In 2020, the Vatican convicted Father Rupnik of absolving in the confessional in 2015 an accomplice with whom he had sinned against the sixth commandment — a grave sin that leads to latae sententiae (automatic) excommunication. After a 2019-2020 investigation, in early 2020 he was officially excommunicated but the excommunication was lifted in May 2020 after Father Rupnik repented for the crime. 

These facts were not publicly communicated until after Italian media began to report in early December about the other allegations against Father Rupnik.

Anna was one of the first sisters to join the community. From the beginning she said Father Rupnik “demanded absolute availability and obedience from me” and that the sexual abuse continued into the 1990s after she had taken her vows. 

“The dynamic was always the same: if I had doubts or refused, Rupnik would discredit me in front of the Community saying that I was not growing spiritually,” Anna told Domani. “He had no restraints, he used every means to achieve his goal, even confidences heard in confession. There began my psychological collapse.”

She said the alleged abuse continued to worsen, taking on an even graver nature after Father Rupnik founded the Aletti Center in Rome, a community aimed at promoting art and Ignatian spirituality. 

“The final step in this descent into hell was the move from theological justifications of sex to an exclusively pornographic relationship,” she claimed. At that time, in the early 1990s, she said the Slovenian priest began using the same “psycho-spiritual strategies” with other members of the community. 
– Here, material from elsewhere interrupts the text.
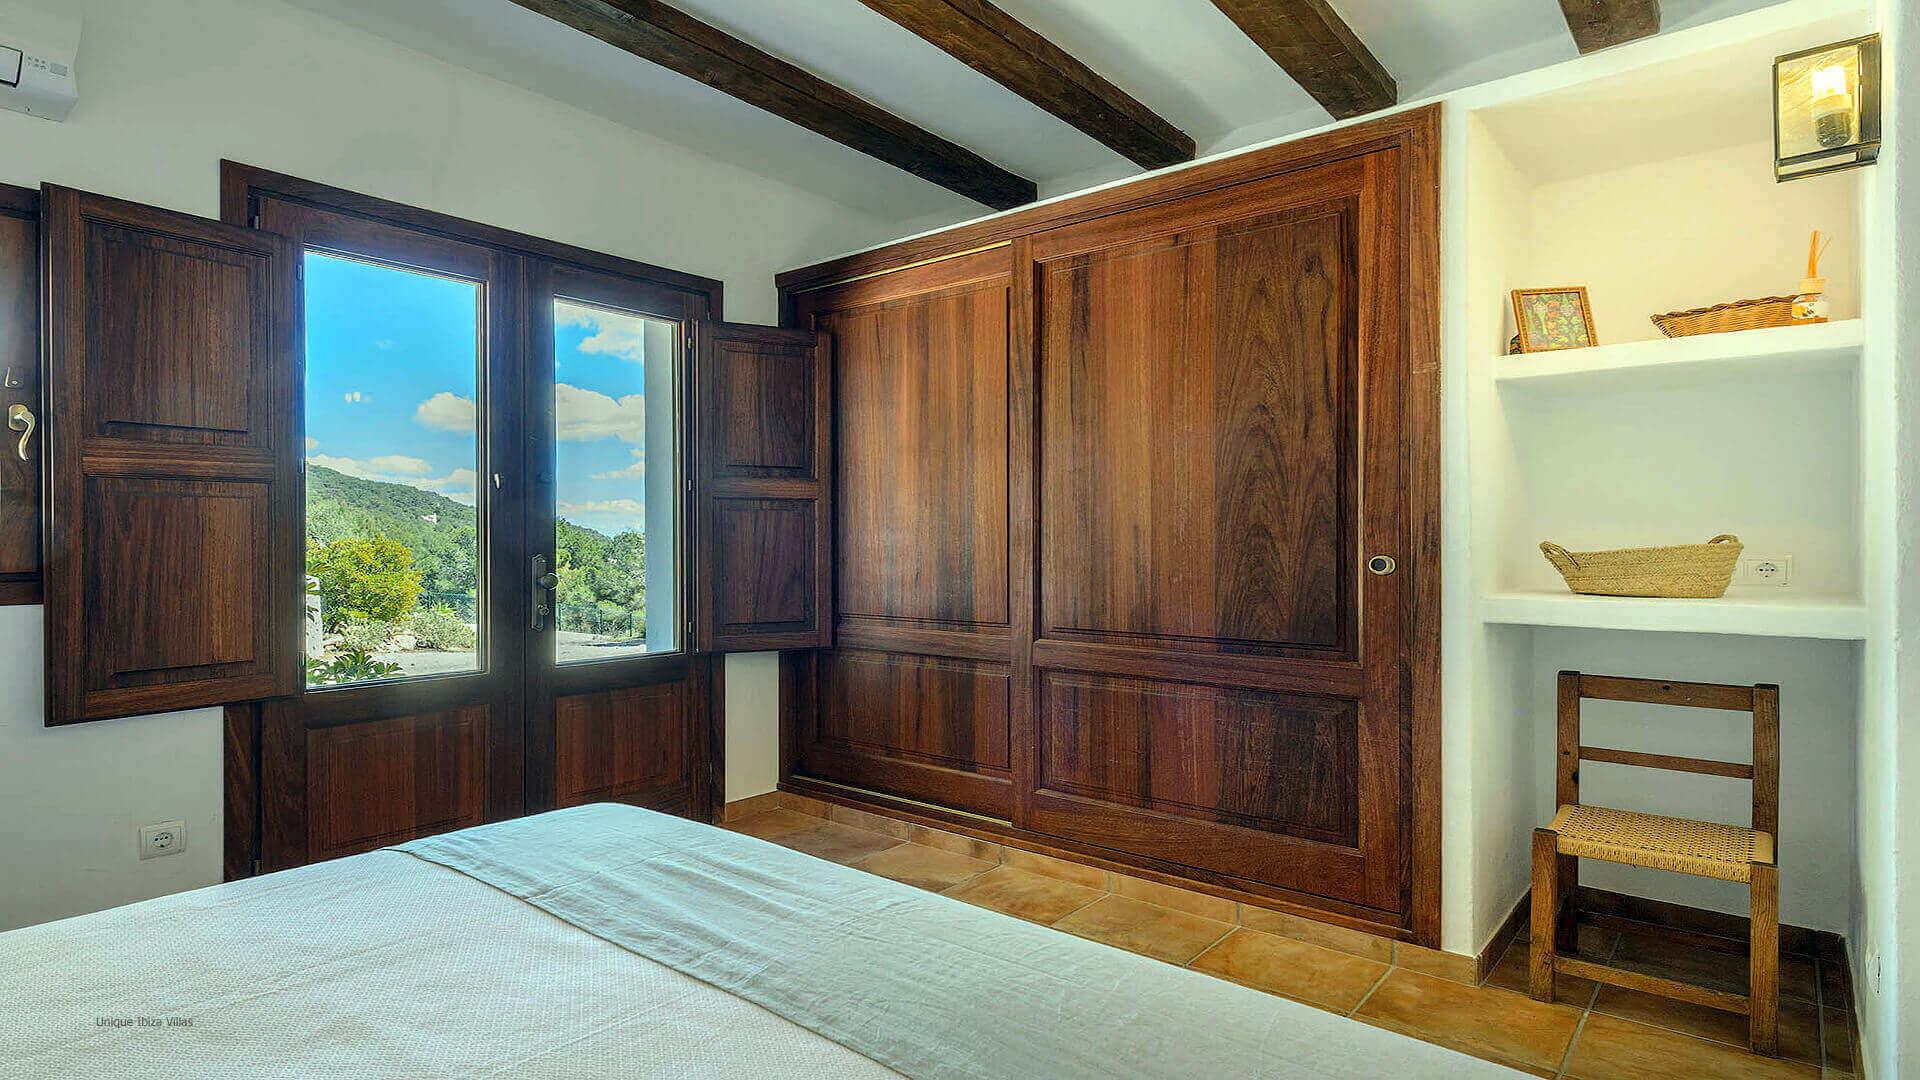 Villa Romero I Ibiza 40 Bedroom 1

“At the beginning of the 1990s there were 41 sisters and, from what I know, Father Rupnik managed to abuse almost twenty,” Anna claimed, adding that at one point she ran away from the community “to let myself die in the woods.” 

She said she tried to share her experience of abuse with her superiors but “no one helped me,” and added that “Father Marko was protected by everyone.” Nobody, she said, “dared speak openly” about the abuse as “we lived in an atmosphere of omerta.” 

Asked about the crime for which Father Rupnik was excommunicated, Anna said it pained her “deeply” as it confirmed her fears that he would go on abusing women. “He should have been stopped 30 years ago,” she said. 

Anna said she testified during the ecclesiastical investigations into Father Rupnik in 2021, but since she heard nothing more, she wrote an “open letter” in June 2022 addressed to the Jesuit’s superior general, Father Arturo Sosa, and copied it to Cardinal Luis Ladaria, prefect of the Dicastery for the Doctrine of the Faith, the Cardinal Vicar of Rome Angelo De Donatis, Father Rupnik’s local superior, Father Johan Verschueren, Jesuit Father Hans Zollner, a member of the Pontifical Commission for the Protection of Minors, and other members of the Society of Jesus and the Aletti Center. 

“I have had no reply from any of them,” she said. 

On Dec. 18, the Society of Jesus invited anyone who has been abused by Father Rupnik to contact them. 

Asked if she is seeking compensation for moral and material damage, Anna replied: “I am considering this possibility with my lawyer.”